Here, we observe a small training error (actually zero), meaning that the model is not under-fitting: it is flexible enough to capture any variations present in the training set.

However the significantly larger testing error tells us that the model is over-fitting: the model has memorized many variations of the training set that could be considered "noisy" because they do not generalize to help us make good prediction on the test set.

%%time
max_depth = [1, 5, 10, 15, 20, 25]
train_scores, test_scores = validation_curve(
    regressor, data, target, param_name="max_depth", param_range=max_depth,
    cv=cv, scoring="neg_mean_absolute_error", n_jobs=2)
train_errors, test_errors = -train_scores, -test_scores

Wall time: 8.67 s

plt.plot(max_depth, train_errors.mean(axis=1), label="Training error")
plt.plot(max_depth, test_errors.mean(axis=1), label="Testing error")
plt.legend()

plt.xlabel("Maximum depth of decision tree")
plt.ylabel("Mean absolute error (k$)")
_ = plt.title("Validation curve for decision tree")

plt.errorbar(max_depth, train_errors.mean(axis=1),
             yerr=train_errors.std(axis=1), label='Training error')
plt.errorbar(max_depth, test_errors.mean(axis=1),
             yerr=test_errors.std(axis=1), label='Testing error')
plt.legend()

plt.xlabel("Maximum depth of decision tree")
plt.ylabel("Mean absolute error (k$)")
_ = plt.title("Validation curve for decision tree")

Learning curve

Let's compute the learning curve for a decision tree and vary the proportion of the training set from 10% to 100%.

train_sizes = np.linspace(0.1, 1.0, num=5, endpoint=True)
train_sizes

array([0.1  , 0.325, 0.55 , 0.775, 1.   ])

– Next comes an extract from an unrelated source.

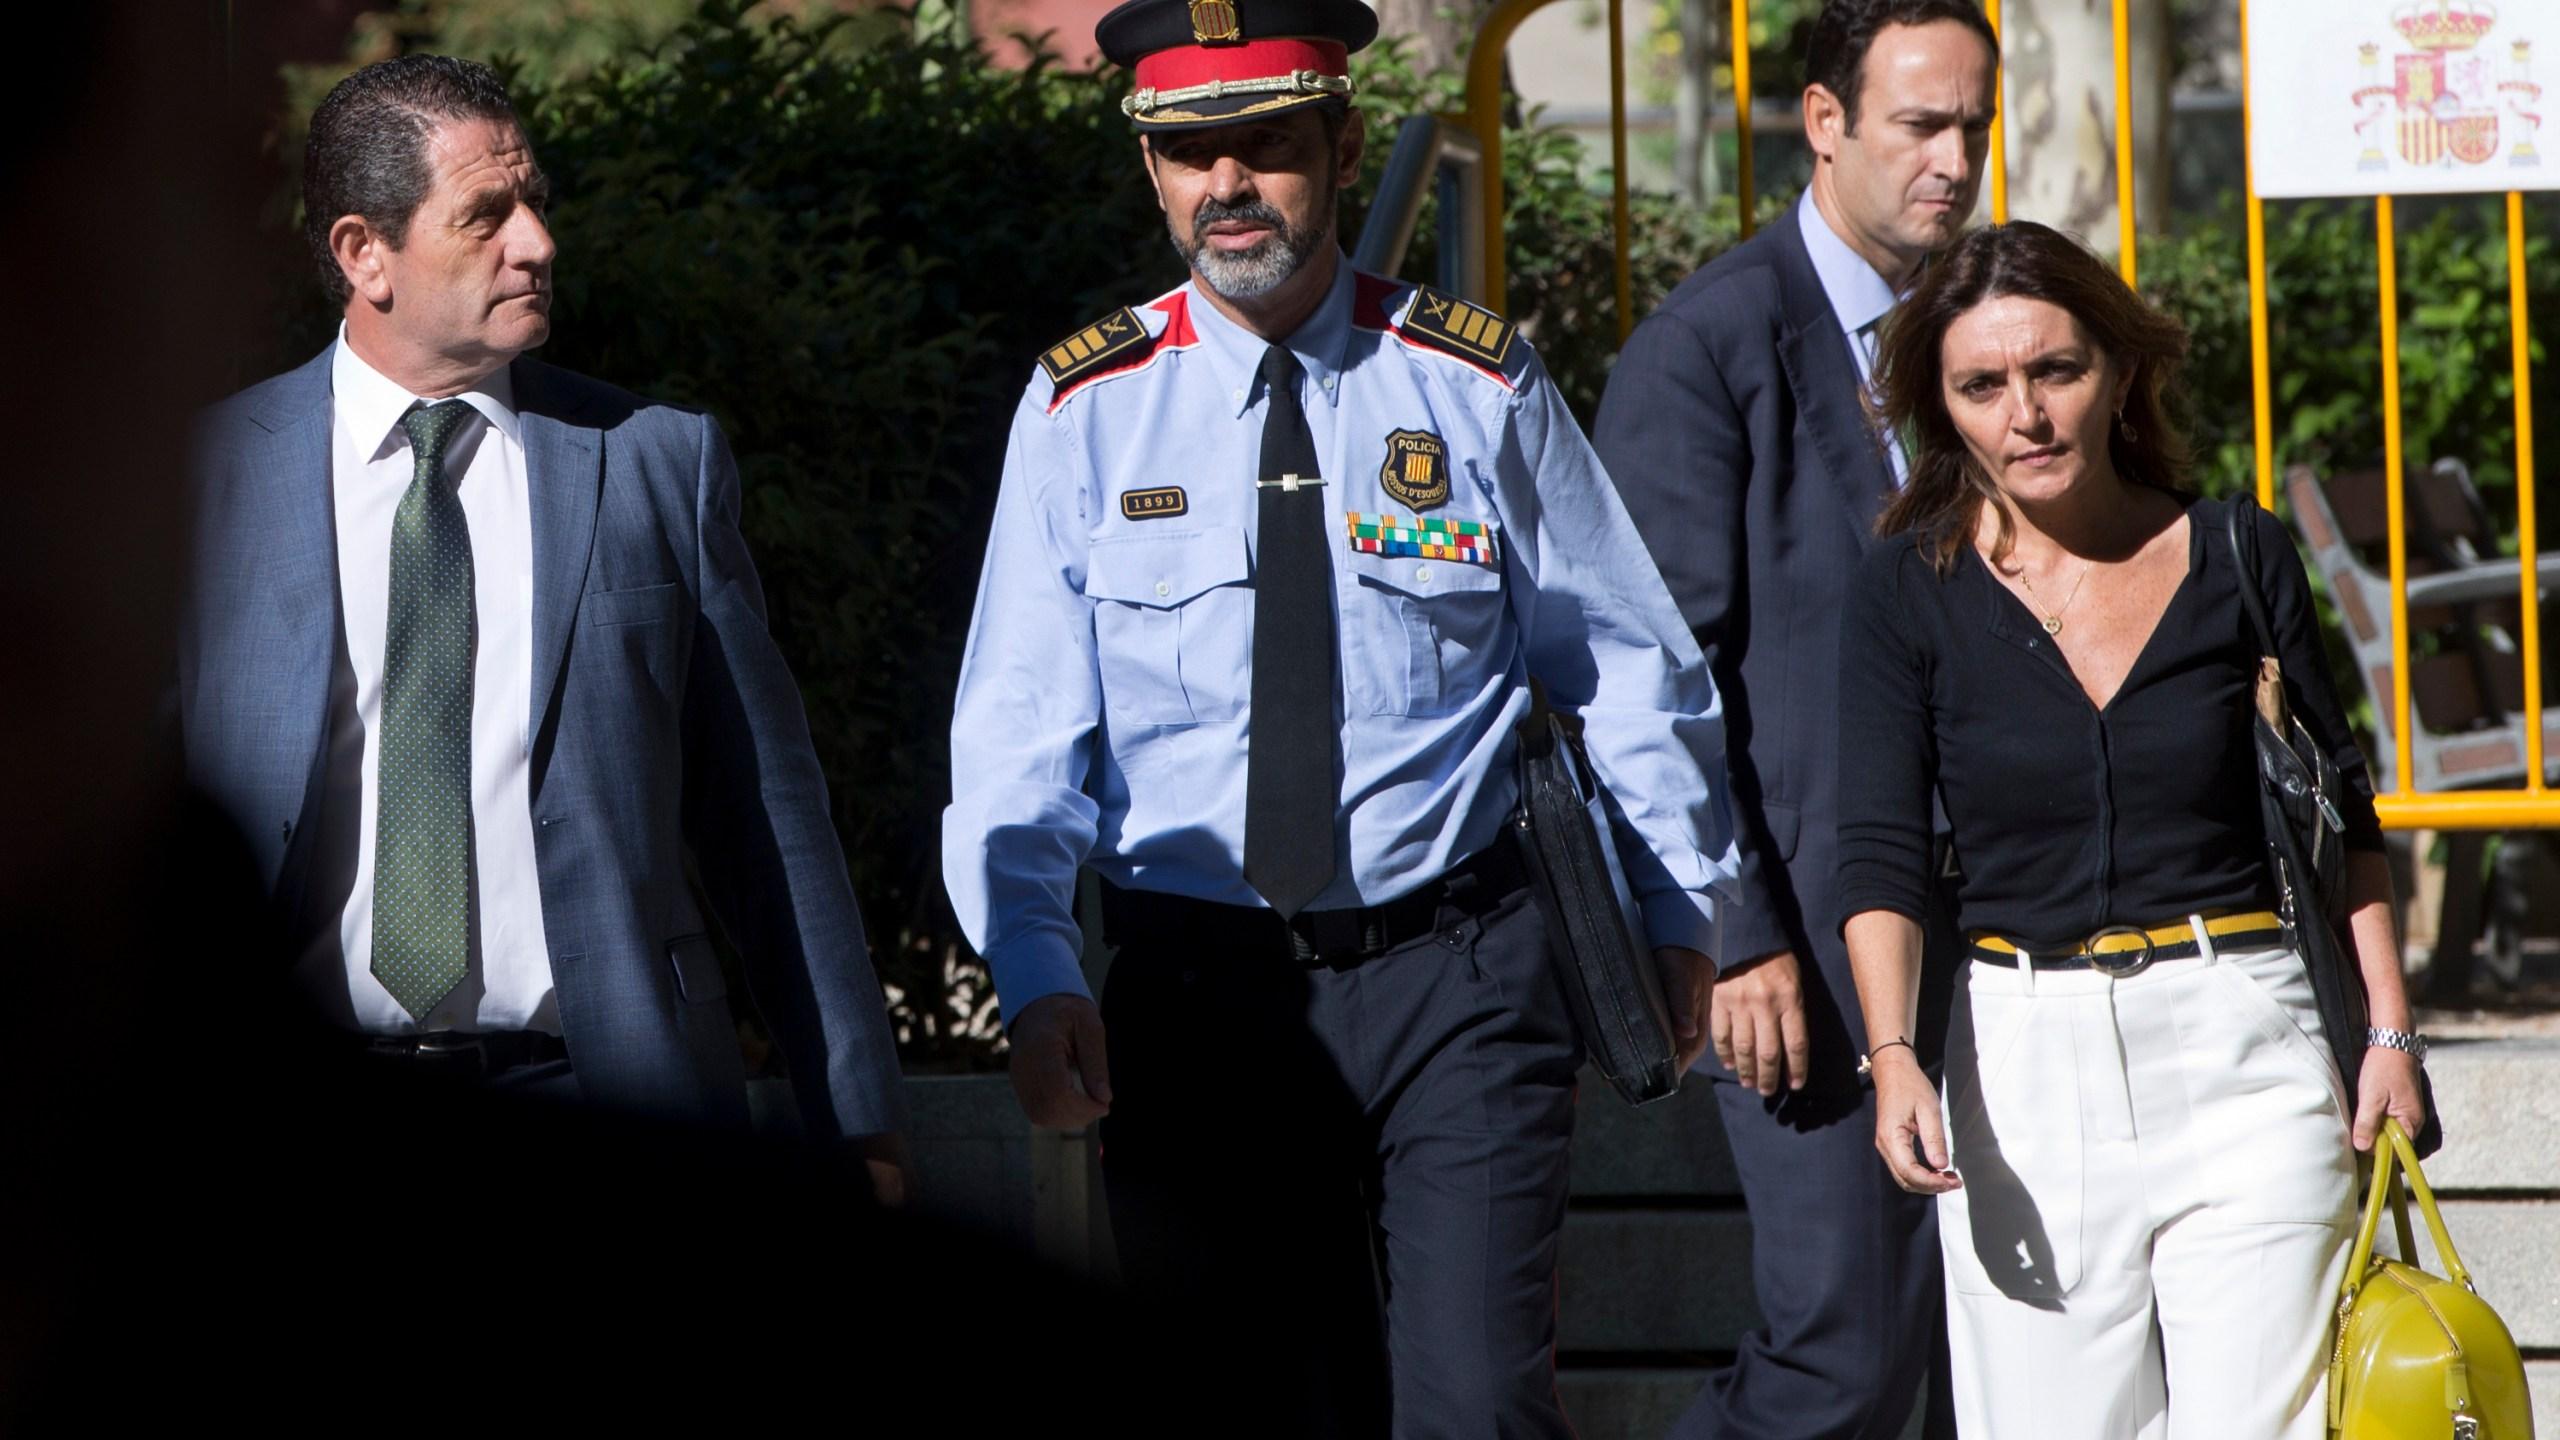 Josep Lluis Trapero, Josep Luis Trapero

cv = ShuffleSplit(n_splits=30, test_size=0.2)

results = learning_curve(
    regressor, data, target, train_sizes=train_sizes, cv=cv,
    scoring="neg_mean_absolute_error", n_jobs=2)
train_size, train_scores, test_scores = results[:3]
# Convert the scores into errors
train_errors, test_errors = -train_scores, -test_scores

plt.errorbar(train_size, train_errors.mean(axis=1),
             yerr=train_errors.std(axis=1), label="Training error")
plt.errorbar(train_size, test_errors.mean(axis=1),
             yerr=test_errors.std(axis=1), label="Testing error")
plt.legend()

plt.xscale("log")
plt.xlabel("Number of samples in the training set")
plt.ylabel("Mean absolute error (k$)")
_ = plt.title("Learning curve for decision tree")

Looking at the training error alone, we see that we get an error of 0 k$. It means that the trained model (i.e. decision tree) is clearly overfitting the training data.

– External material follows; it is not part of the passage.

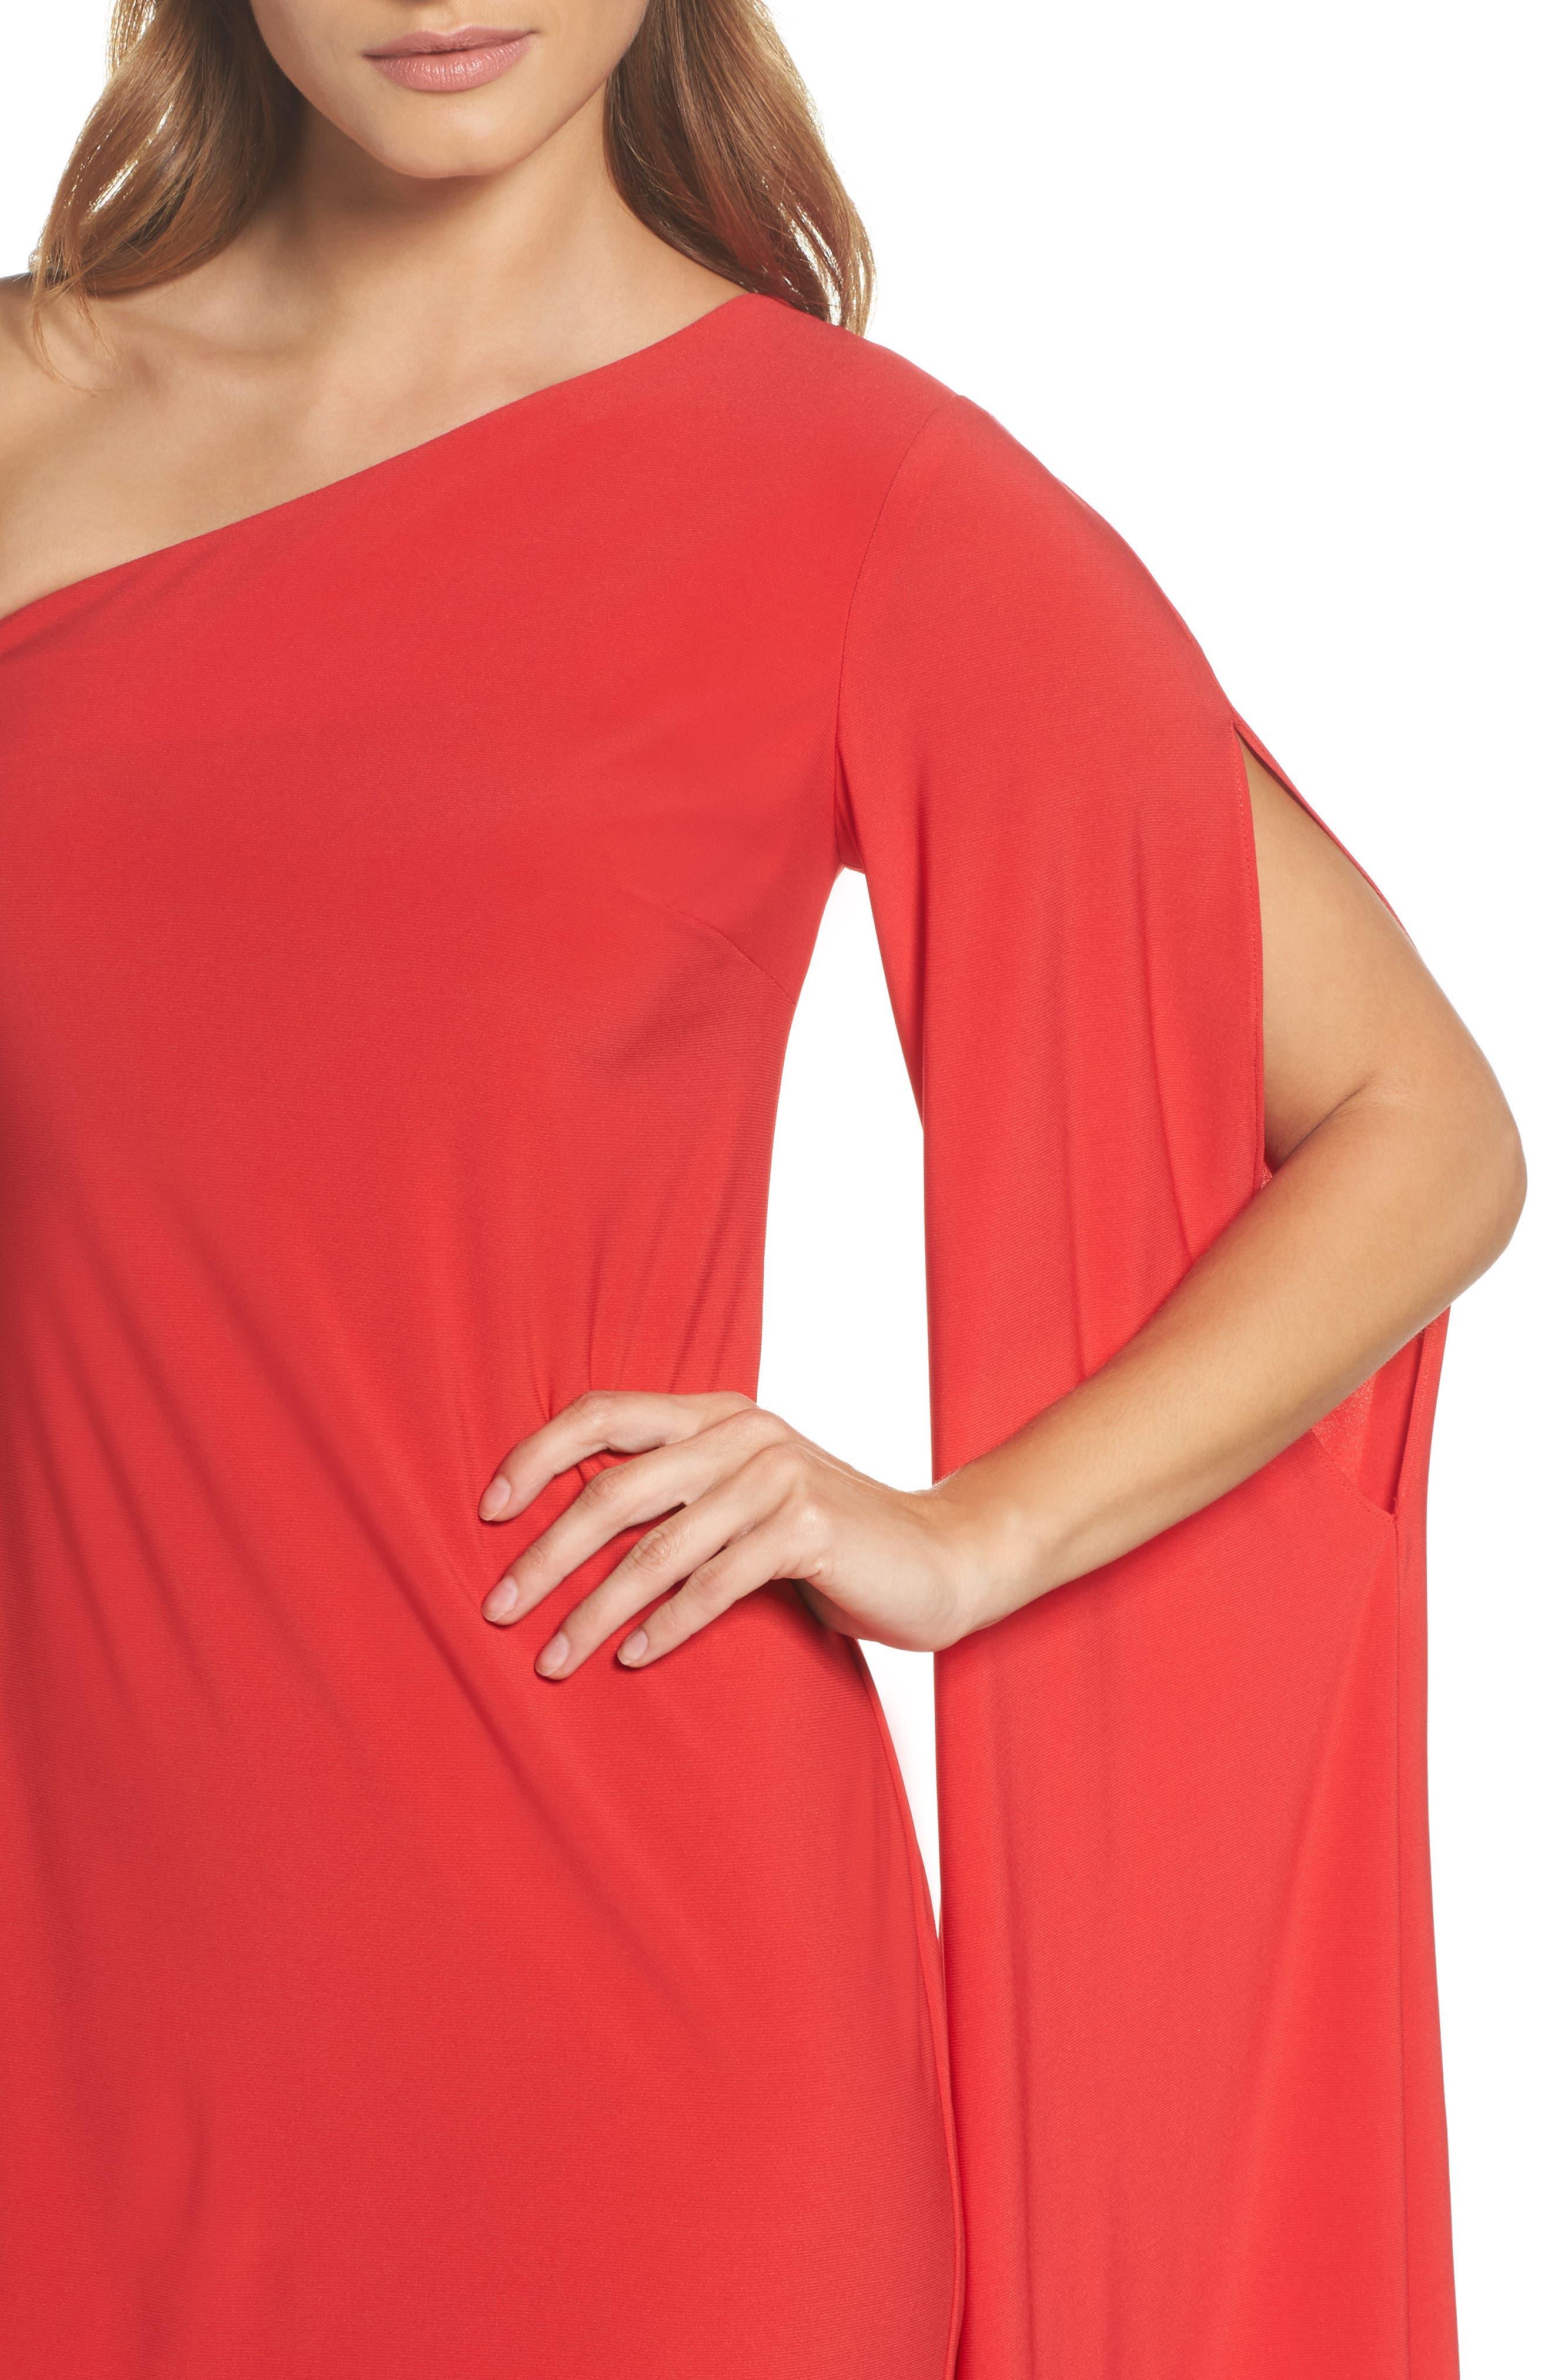 Musa One-Shoulder Dress,                             Alternate thumbnail 4, color,

Looking at the testing error alone, we observe that the more samples are added into the training set, the lower the testing error becomes. Also, we are searching for the plateau of the testing error for which there is no benefit to adding samples anymore or assessing the potential gain of adding more samples into the training set.

If we achieve a plateau and adding new samples in the training set does not reduce the testing error, we might have reach the Bayes error rate using the available model. Using a more complex model might be the only possibility to reduce the testing error further.